Mas eis a armadilha. Num quatro a zero contra um adversário tão passivo, todas as notas individuais estão inflacionadas e quase nada é transferível. O avançado letal diante do espaço aberto não é necessariamente o avançado que vai achar um metro numa área cheia nos oitavos. O meio-campo que dita o jogo contra quem corre atrás de sombras não é necessariamente o meio-campo que vai romper um bloco baixo sob pressão a sério. As exibições contra quem te deixa jogar são o dado menos fiável do desporto, e a Espanha acabou de produzir noventa minutos disso.
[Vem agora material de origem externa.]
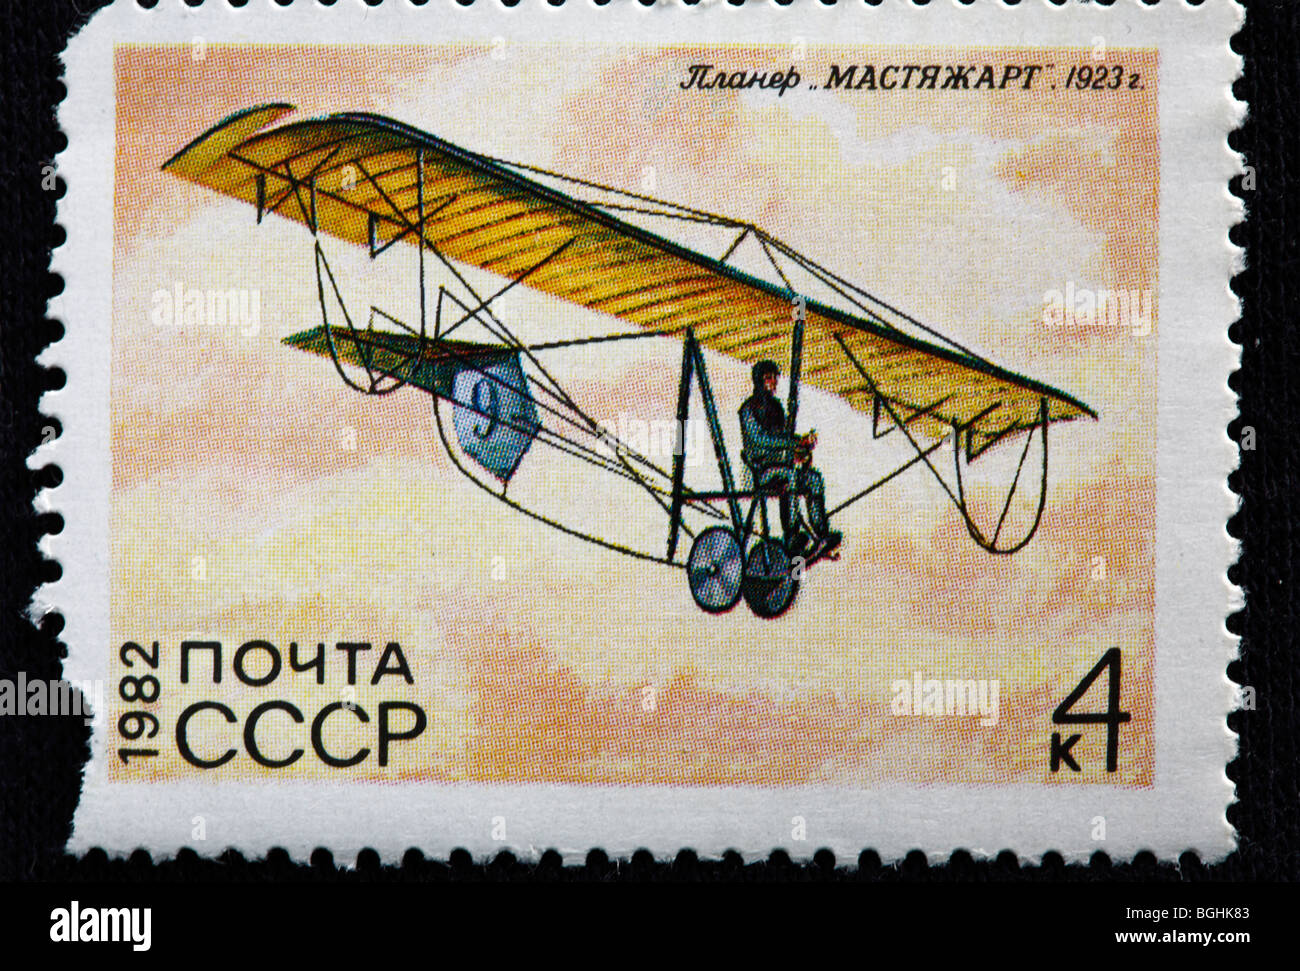 Geschichte der Luftfahrt, russische Segelflugzeug "Mastyazhart" (1923), Briefmarke, UdSSR, 1982 Stockfoto

Por isso apontar um espanhol abaixo das expectativas quase falha o alvo. Ninguém jogou mal; é precisamente esse o problema. Os asteriscos que ficaram sobre esta equipa depois de Cabo Verde — a questão do ponta de lança que um dez convertido tapa em vez de resolver, a dúvida sobre se Rodri impõe o ritmo quando o jogo é luta e não corrida — não foram apagados aqui. Apenas não foram examinados. Não se chumba num exame que nunca nos é dado.

Resiste o rótulo de favorita?

Sim, mas nos mesmos termos em que sempre assentou, não em algo que tenha acontecido em Atlanta. A Espanha é favorita por aquilo que tem: uma geração de médios em torno da qual outras seleções construiriam uma década, um extremo como Yamal que dobra os jogos sozinho, um plantel com duas ou três opções em cada posição. Era verdade antes do empate com Cabo Verde e é verdade agora. Uma vitória por quatro a zero não reforça o argumento. Um zero a zero não o destruía.

O que o torneio ainda não nos disse é se o talento resolve o único problema estrutural que esta seleção arrasta: o desperdício, a falta de frieza quando o adversário abandona a bola e a desafia a ser inteligente. De la Fuente pode defender o nome de Rodri o que quiser; a defesa que importa é a que os seus avançados têm de romper, e até agora romperam apenas uma: a que se rompeu sozinha.

Assim a Espanha avança para a fase a eliminar como primeira do grupo, invicta, com o ânimo recuperado e, à superfície, temível. Algures no quadro, porém, há uma equipa que fará o que Cabo Verde fez: recuar, manter a paciência, obrigar a Espanha a forçar a fechadura em vez de entrar por um portão escancarado. Pelas evidências deste Mundial, é essa a equipa que a deveria preocupar. O quatro a zero pareceu uma resposta. Foi apenas um adiamento.